Es hilft, wenn man einen sehr guten Grund dafür hat das zu probieren, so wie eine erstickende Depression oder irgendwelche andere dämonische psychologische Qual. Vielleicht ist es einer der Gründe, warum viele Philosophen und Theologen über Jahrhunderte hinweg einen solch starken Zusammenhang zwischen unerträglichem irdischem Leid und spiritueller Erleuchtung beobachtet haben. Dies ist eine zeitlose Beziehung, die von Psychologen rätselhafter Weise übersehen wurde.

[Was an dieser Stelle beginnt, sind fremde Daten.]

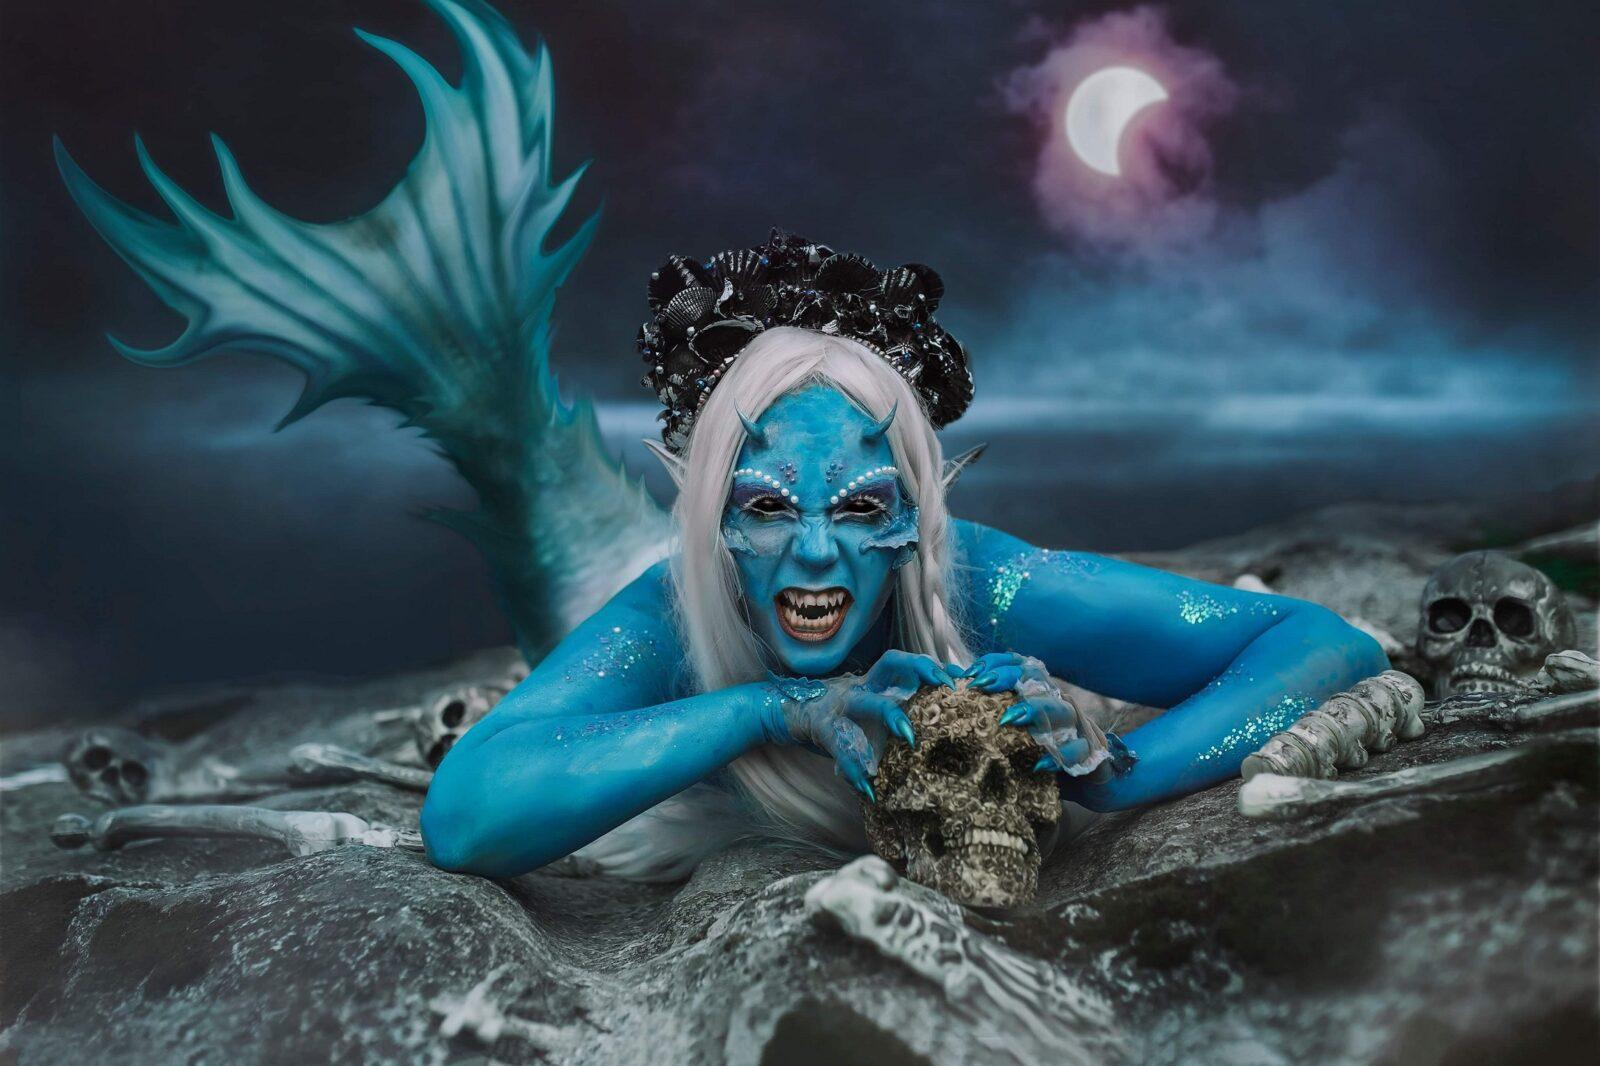 JenniferHarlow-2020-Halloween-Contest

Alle menschlichen Wesen haben die Fähigkeit psychologisch zu dissoziieren, auch wenn die meisten von uns sich dessen unbewusst sind und „außerkörperliche“ Episoden als jenseits der Grenzen unserer täglichen Erfahrungen betrachten. Tatsächlich hat jeder dissoziative Erfahrungen und die meisten von solchen Ereignissen sind ziemlich ordninär. Zum Beispiel sind viele Menschen völlig dissoziiert wenn sie sich einen Film anschauen. Sie versetzen sich im Grunde in eine Trance und identifizieren sich mit einer Figur aus dem Film. Am Ende des Films kann die Person dann bemerken, dass sie Popcorn verschüttet hat und sie wird sich plötzlich an alle Details ihres eigenen „realen Lebens“ erinnern.

Was hier geschehen ist ist, dass der Filmeschauer für eine kleine Weile einen Teil von sich selbst, der auf die alltägliche Realität fokussiert ist, von seinem imaginären Teil getrennt hat, so dass der imaginäre Teil die Führung übernimmt. Er/sie trennt [dissoziiert] einen Teil von sich selbst von einem anderen ab.

Einfach erklärt kann unter bestimmten Umständen, die von angenehmer oder unangenehmer Ablenkung bis hin zu Faszination, Angst, Schmerz, und Horror reichen, ein menschliches Wesen seiner eigenen direkten Erfahrung gegenüber psychologisch abwesend sein. Wir können irgendwoanders gehen. Der Teil des Bewusstseins, den wir fast immer als „Ich“ betrachten, kann für einige Augenblicke, Stunden oder sogar noch länger, einfach nicht da sein.

Die physiologischen Muster und die primären Verhaltensergebnisse von Ablenkung, Flucht, dissoziiertem Zustand und Trance sind nahezu identisch, unabhängig von der Methode. Die Unterschiede zwischen ihnen ergeben sich scheinbar nicht so sehr aus dem, wie das Bewusstsein als eine Form geteilt wird, sondern daraus, wie oft und wie lange man gezwungen ist die Teilung des Bewusstseins aufrechtzuerhalten.